The door slammed as William left.

“‘Pon my word, he‧s a sympathetic fellow,” George said.

Luke shook his head. “Jane, pack your things and then come with me. We‧ll take a walk around the town and see what the mood is.” He added with a wink: “Pray put on a pretty gown if you so wish.”

Jane went upstairs to the room that she had not even slept in
yet, and packed the clothes that she had unpacked the day before. She hesitated as she picked up her manuscript. At this point it was only so much ballast, fit only for converting to spills or cutting into strips to curl her hair. But she put it in with her other possessions, if only to remind herself of her former life and of Cassandra.

Ann, dark shadows under her eyes, arrived yawning to help her with stays and gown, and repacked some of the clothes, complaining that Jane would make yet more ironing for her. Finally, bonnet on, with a muff and gloves she did not need but had to wear so as not to attract attention to herself, Jane arrived downstairs to find Luke giving directions to a group of roughly dressed men who had dragged some boxes and chests into the hall.

“Where will we go?” she asked.

“You‧ll find out tonight.” He raised a hand to her cheek. “But how do you do this day, Miss Austen? You have a certain sleek, satisfied air I‧ve not seen before.”

“I do very well. You look much the same.”

“Our blood is well matched.” He raised her hand, pushing the glove back to kiss the bare skin of her wrist, a sensitive spot that made her shiver with delight. So she had discovered last night, when other mysteries were revealed to her.

“Oh, do go out and do something useful.” William pushed the dining-room door open and viewed them with distaste. “And be careful. Luke, remember you are supposed to be dead, and Jane, keep your wits about you.”

Luke fitted a pair of gold-rimmed spectacles on his nose as disguise and took his swordstick from the stand in the hallway. Arm in arm, he and Jane left the house.

“I should like to walk with you and not feel that I must guard myself so,” Jane said.

“I regret it is how things are for us, even when the country is
at peace. We have always had our enemies. Tell me what you can sense.”

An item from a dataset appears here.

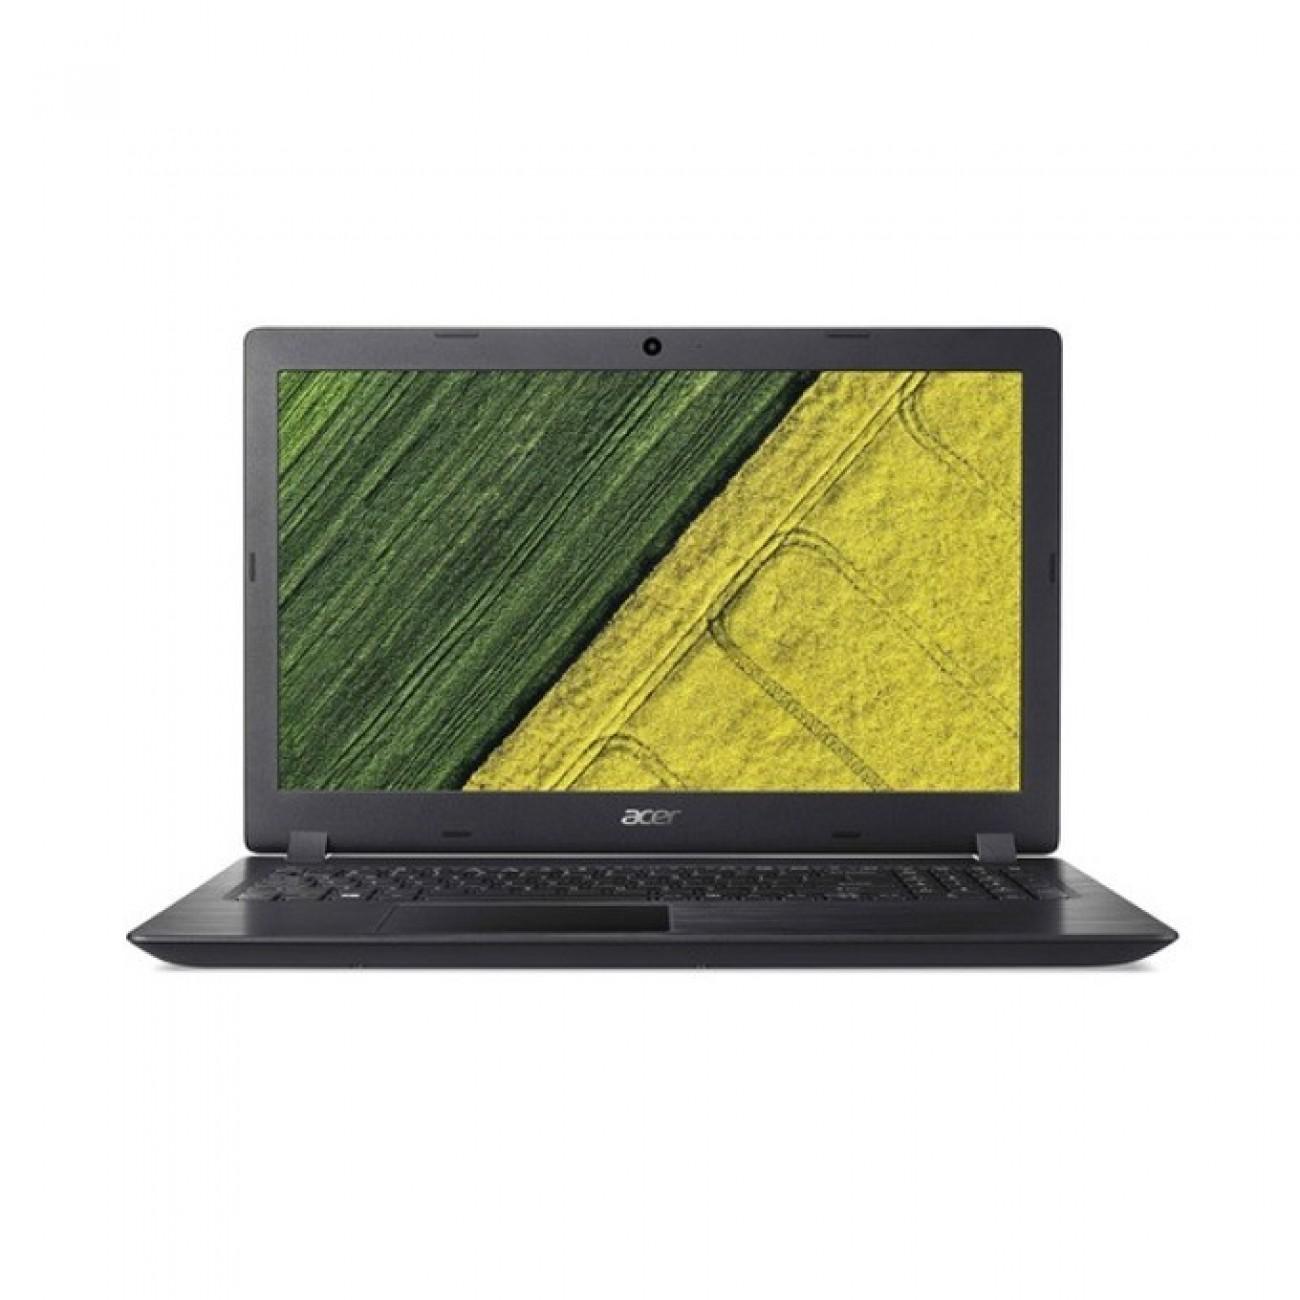 Лаптоп Acer Aspire 1 A114-32-P84R (NX.GVZEX.007), четириядрен Gemini Lake Intel Pentium N5000 1.1/2.7 GHz, 14 (35.56 cm) Full HD Anti-Glare Display, (HDMI), 4GB, 64GB eMMC, 1x USB 3.0, Windows 10 в Лаптопи -  | Alleop

She concentrated. “I feel … I feel a little anger. It‧s strange, there was even less when the French invaded, for then people were mostly sullen and shocked. But also hope and excitement, and some relief. And there‧s food again—look how many people carry baskets as though they have been to the market.”

Luke stopped to view the wares of a woman who sold gingerbread on the street.

“Go on, sir,” she said. “Buy a piece for your sweetheart—look how hollow her cheeks are, poor thing. The waters will set you up right away, miss—that and my gingerbread.”

Luke smiled and handed the woman a sixpence. “Is trade good, mistress?”

“Surely it is, just as the Frenchies said it would be.” She handed Luke a handful of gingerbread molded into fantastic, twisted shapes, sprinkled with sugar. “Why, yesterday the market was as full of goods as I‧ve ever seen. Of course, the town is always cheered by a hanging, but it‧s a pity they blamed honest men for what those wicked Damned did.” Her fingers, freed of the gingerbread, formed the ancient sign against evil, forefinger and pinky extended, the others tucked under.

Jane, her mouth full of gingerbread, swallowed and would have said something, but Luke flashed her a warning to be silent.

“Indeed!” Luke said. “How extraordinary the Damned should be here, when everyone knows the waters are poison to their kind.”

“Oh, not for long.” The woman nodded at a poster stuck to the side of a building. “They‧ll round them up and cut off their heads, to be sure, and good riddance to them. Why, that storehouse of grain they blew up last night was to have been given to the poor.”

“Quite an extraordinary explosion that ‘grain’ made,” Luke said.

“Yes, that‧s what my man said, but doubtless, they have their wicked ways.” The woman dipped a curtsy and approached another customer on the street.

Luke pinched off a piece of gingerbread before Jane devoured it all and led her over to view the poster on the wall. In unevenly set type, it announced that a tribunal led by General Renard was to seek out enemies of the city. Citizens who reported suspicious activities would be given rewards.

“So it has begun,” Jane said. The gingerbread turned dry and tasteless in her mouth.

“So it has, but it will not last long.” Luke did not sound overly concerned.

“How do you know?”

“Oh, things are going well elsewhere.”

“What things? Where?”

“Patience. May I have another piece of gingerbread?”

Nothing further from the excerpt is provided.